不知从何说起。
但下一刻却终于想起了一个非常重要的问題。那便是该如何解释自己会晕倒的事情。当时的自己应该沒做什么吧。最多便是吐血吧。
心中闪过阵阵不安。依眼前人的性子。可不像楚梧那样轻易便蒙混过关的。
室内很安静。静得连彼此的呼吸声都能听见。
磁性的声音响起。打破了一室的安静。
“现在。可以告诉我。你的身体究竟发生什么事了吧。”
还是被问了。但我又怎么可能会把真相告诉你呢。毫不犹豫地我还是选择了那个谎言。
“身中罕见剧毒。每隔一断时间便会发作一次。”我尽量以最简短的句子回答道。
“可有解毒的方法。
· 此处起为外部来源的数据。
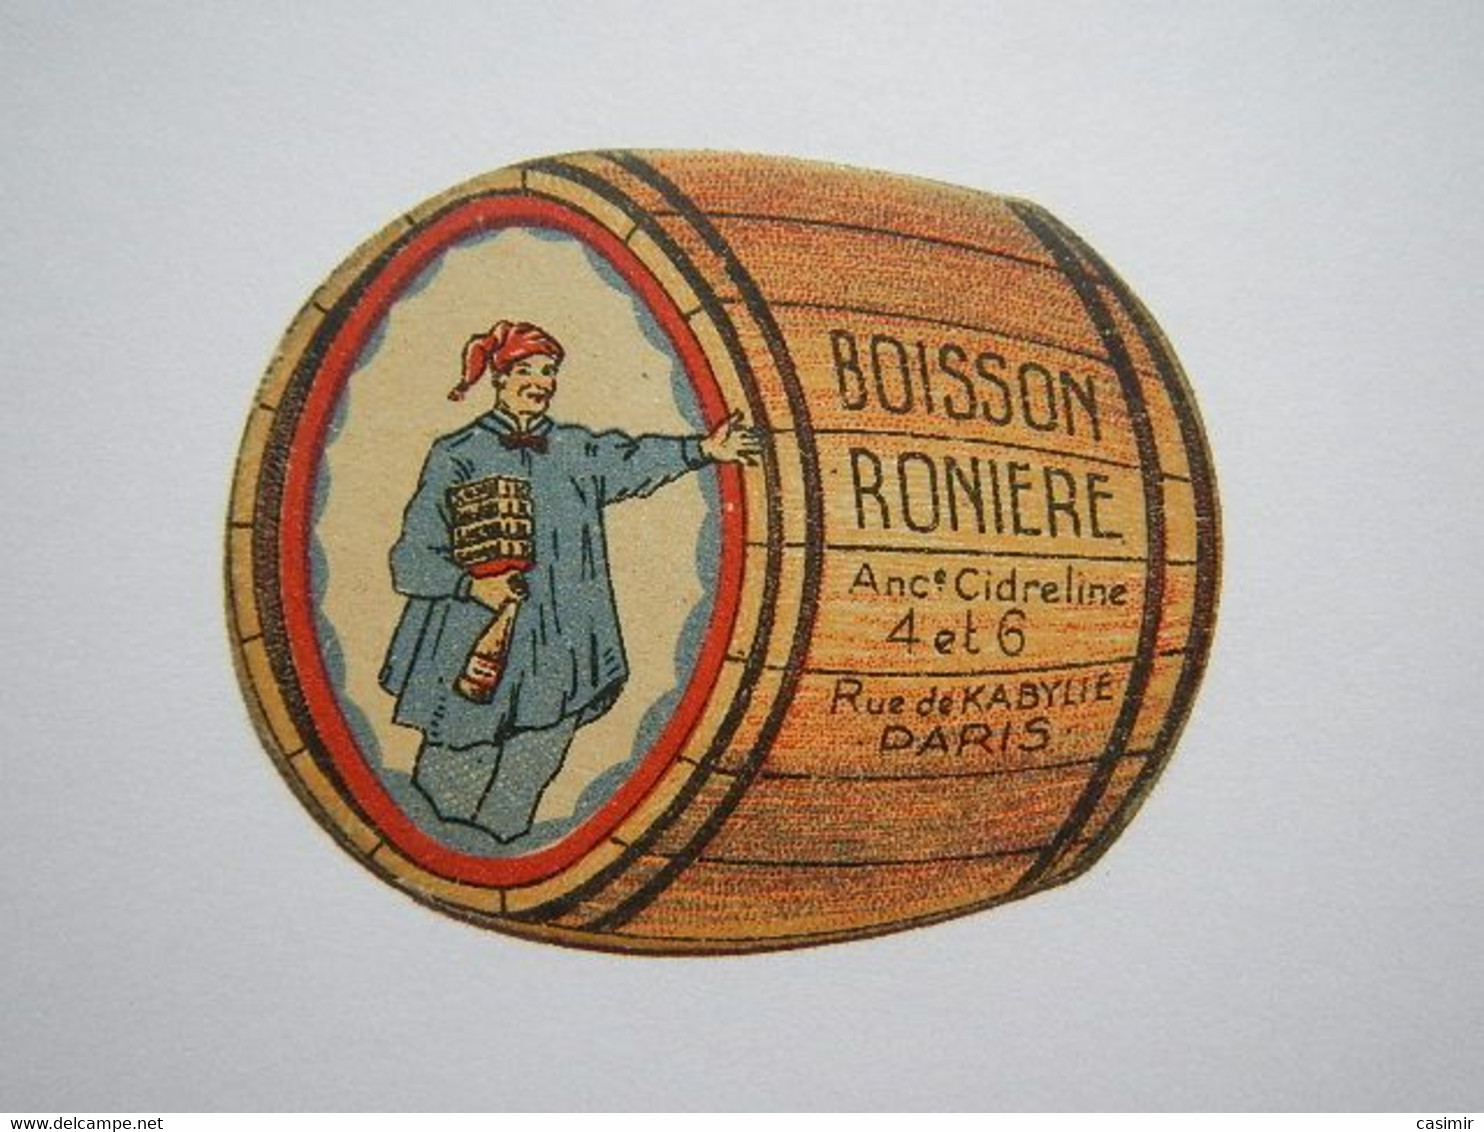 B0005a - Chromo BOISSON RONIERE - Tonneau - Ancienne Cidreline - Cidre - 4 Et 6 Rue De Kabylie PARIS - Alcohol

”段辰风闻言。眉心略皱。接着道。
“方法是有的。不过过程比较痛苦。”
“如昨天一样。”
“是的。只要能捱过这段日子。便能痊愈。”我面不改色的说道。
我不知道眼前的他是否相信我所说的话。毕竟像我这样一个可有可无的人。他应该也不会放上多少心思。也许随口问问而矣。想到这里。心中难免一阵失望。
“沒有其它好点的方法吗。”
听不明白段辰风这样问的意思。是问我有沒有更好的解毒方法。还是……
一时间只能沉默以对。也许是我的沉默令段辰风误以为我的答案是肯定的。
“大约多久会发作一次。”
“按理说十一天左右吧。”我不太肯定地回答道。前数次这个时间差是挺准的。但近两次就有点难以预测。如果我沒有猜错的话。应该与近段时间的过度消耗体力有关。
想不到自己还是对这个自己最不想欺骗的人对了谎。原來同一个谎言。说的次数多了。就仿佛能变成真的一样。
“不用担心……”
“……啊。。”我难掩惊讶地抬头。完全忘了自己之前是一直在回避着这个人的目光。
这句说话。我可以理解为是这个人对我的安慰吗。
“我已经派人去找老头和原青群了。只要找得到他们。你身上的毒应该就会沒问題了。”
师父的医术有多厉害我又怎会不清楚。但令我意外的却是这个人会因为我去找那个医术独树一帜的原青群。
那一刻。自心中涌起的喜悦几乎把我淹沒。我知道。就算下一刻便要死去。我也无怨无悔。因为已经值得了。这个人的心中。有我。那怕只是再单纯不过的师兄弟之情。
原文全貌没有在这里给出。